Would it be possible to cause people on the margins of effective altruist ideology to shift into being effective altruists, or EA-aligned? For instance, a moral antirealist might think "Yeah, giving money to help people is good... I should do that... but, then, morality is kind of a social construct, right? Yeah, whatever." and not do it. This person being driven by self-interest and logic, if they had better beliefs, they might say "Giving money to help people is good... and what is good really is good... I should do that..." and do it. A very self-interested person might shy away from accepting what Rawlette said in the first place, or use some kind of self-deception in order to both hold Rawlette's views and not act on them. They would not be on the margin of EA-aligned behavior. But there might be a lot of people who are on the margin, who can be philosophically literate, or are as much as EAs are, who just haven't heard of Rawlette's argument. They might even have heard the EAs' pitch (Singer's Drowning Child Argument, perhaps), and yet vitiated it with moral antirealism. But an effective argument for moral realism might make a difference. One would think that EAs would be looking for new ideologies to prevent value drift and aid in recruiting people from social spaces adjacent to them. From a few months' reading of the EA Forum, I don't get the impression that this is something they seriously pursue to a great extent. (I might be wrong -- but something that was a particularly burning issue, I wouldn't have missed.) This might be because they know better than to be into ideology (it's something they're past, as individuals, and something they don't expect enough people to really be changed by), or it might be that many EAs are not really into human resource questions, and this is essentially a human resource question -- or some other reason.
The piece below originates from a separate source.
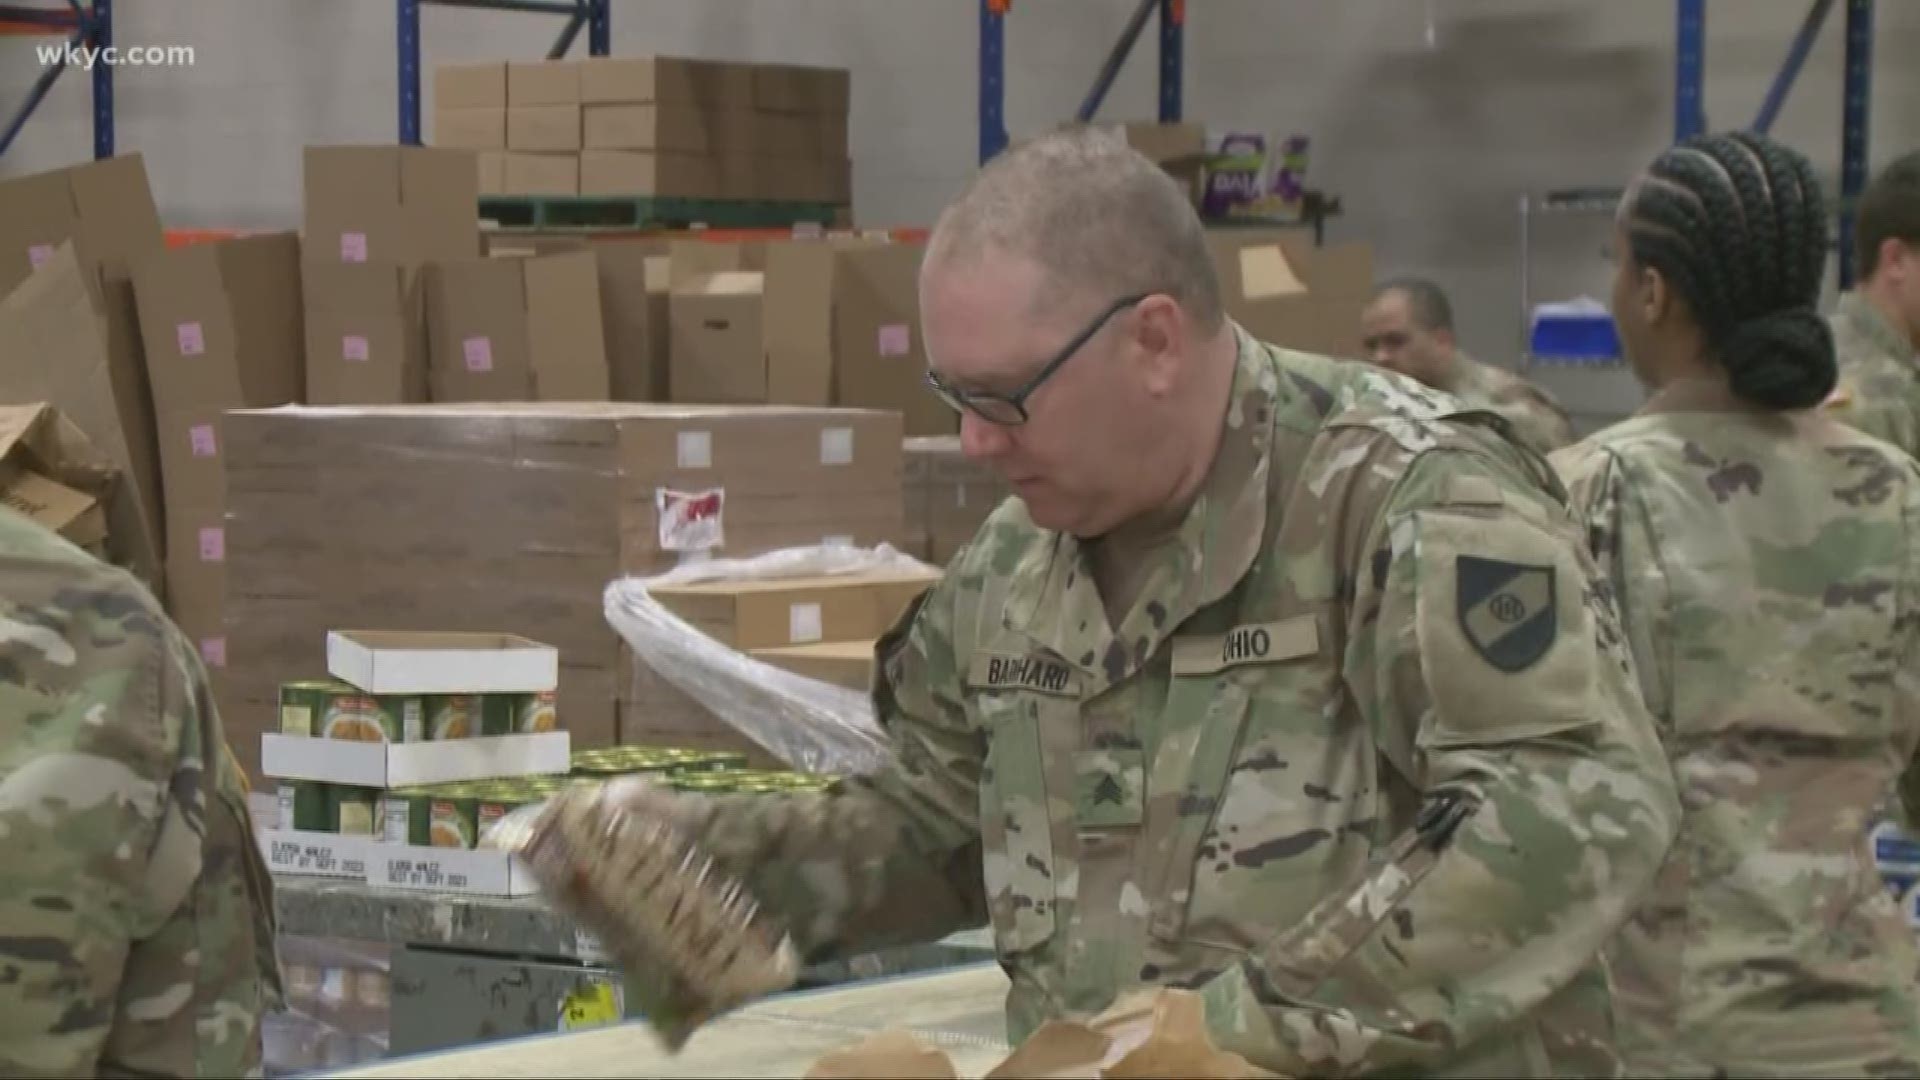 The national guard is helping food banks during this pandemic. 3News' Romney Smith gives us a look at how soldiers are lending a hand.

I remember a philosophy professor saying something like "people aren't bad, it's just that the system is bad". So maybe Rawlette can't do much good, since everyone is already moral and good, and we're just in horribly ill-coordinated systems. I hope to discuss this in the future at some point, show a way that if you really care, you can do something about systemic problems, so as to provide benefit from improved motivational structures. (This already has some other ideas that might apply.) I have (and I think Rawlette may possibly also have) the sense that it is required of us to do what is best, not just a socially-acceptable half-effort. It is wrong of us to not be heroes or "anointed ones", at whatever scale we can and should be. Perhaps that is a message which could resonate with the average person. In other words, with the right support beliefs and ideas, Rawlette's may be able to function as one might intend them to.

One thing I don't know from not having read Rawlette's book yet is how possible it is to convert her book into a form which can be adopted by people who don't read academic philosophy.

That was a nice note which I had mostly forgotten about. I do think that the cause area of moral realism is underrated. I think it is unpopular, for reasons I have not fully figured out. I think if people wanted to hear it, people would have figured out a way for them to hear it. Something like "Just don't have perspectival bias!". Preaching would be enough, without the need for philosophy. But my pessimism may be at least sometimes inaccurate, and motivating even a few people might have high impact, depending on what they go on to do.